### Task to carry out
Only the lines below starting at the one that contains "Shibumi Firenze forest" and ending at the one that contains "Emu Australia Black" are to be reproduced, exactly and with both ends kept.

### Source material
╔══
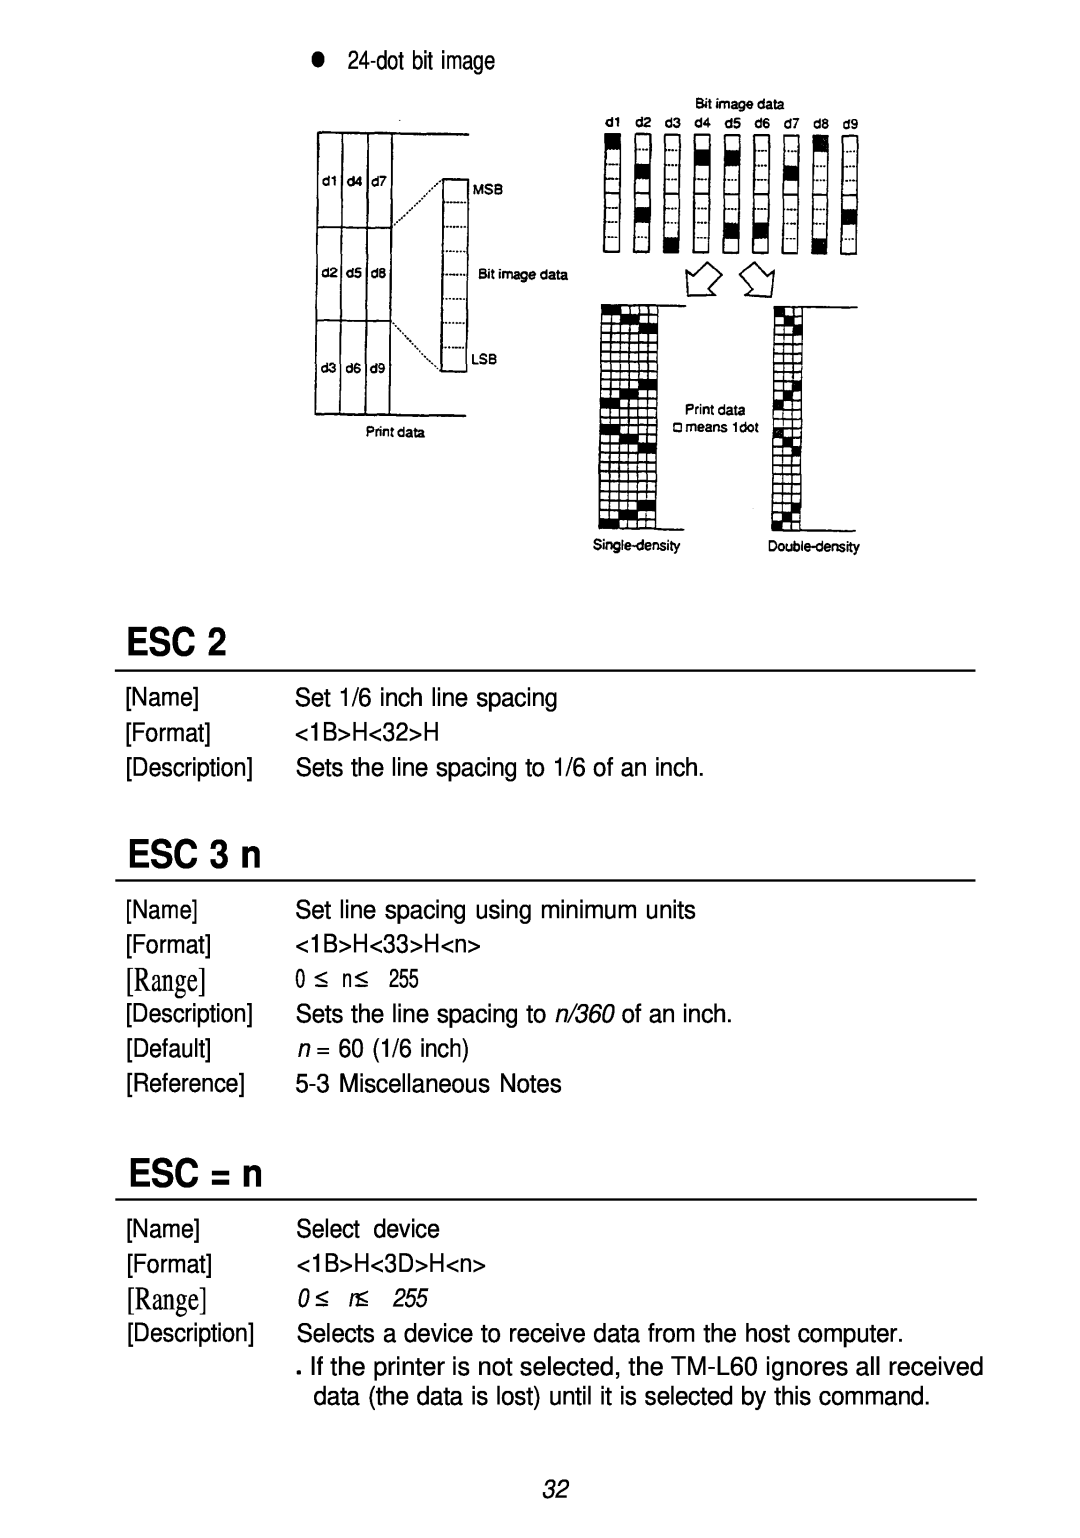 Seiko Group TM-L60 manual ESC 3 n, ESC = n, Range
╚══
╔══
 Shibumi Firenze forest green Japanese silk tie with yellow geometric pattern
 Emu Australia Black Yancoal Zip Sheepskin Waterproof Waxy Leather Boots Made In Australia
╚══
### Exercise answer
 Shibumi Firenze forest green Japanese silk tie with yellow geometric pattern
 Emu Australia Black Yancoal Zip Sheepskin Waterproof Waxy Leather Boots Made In Australia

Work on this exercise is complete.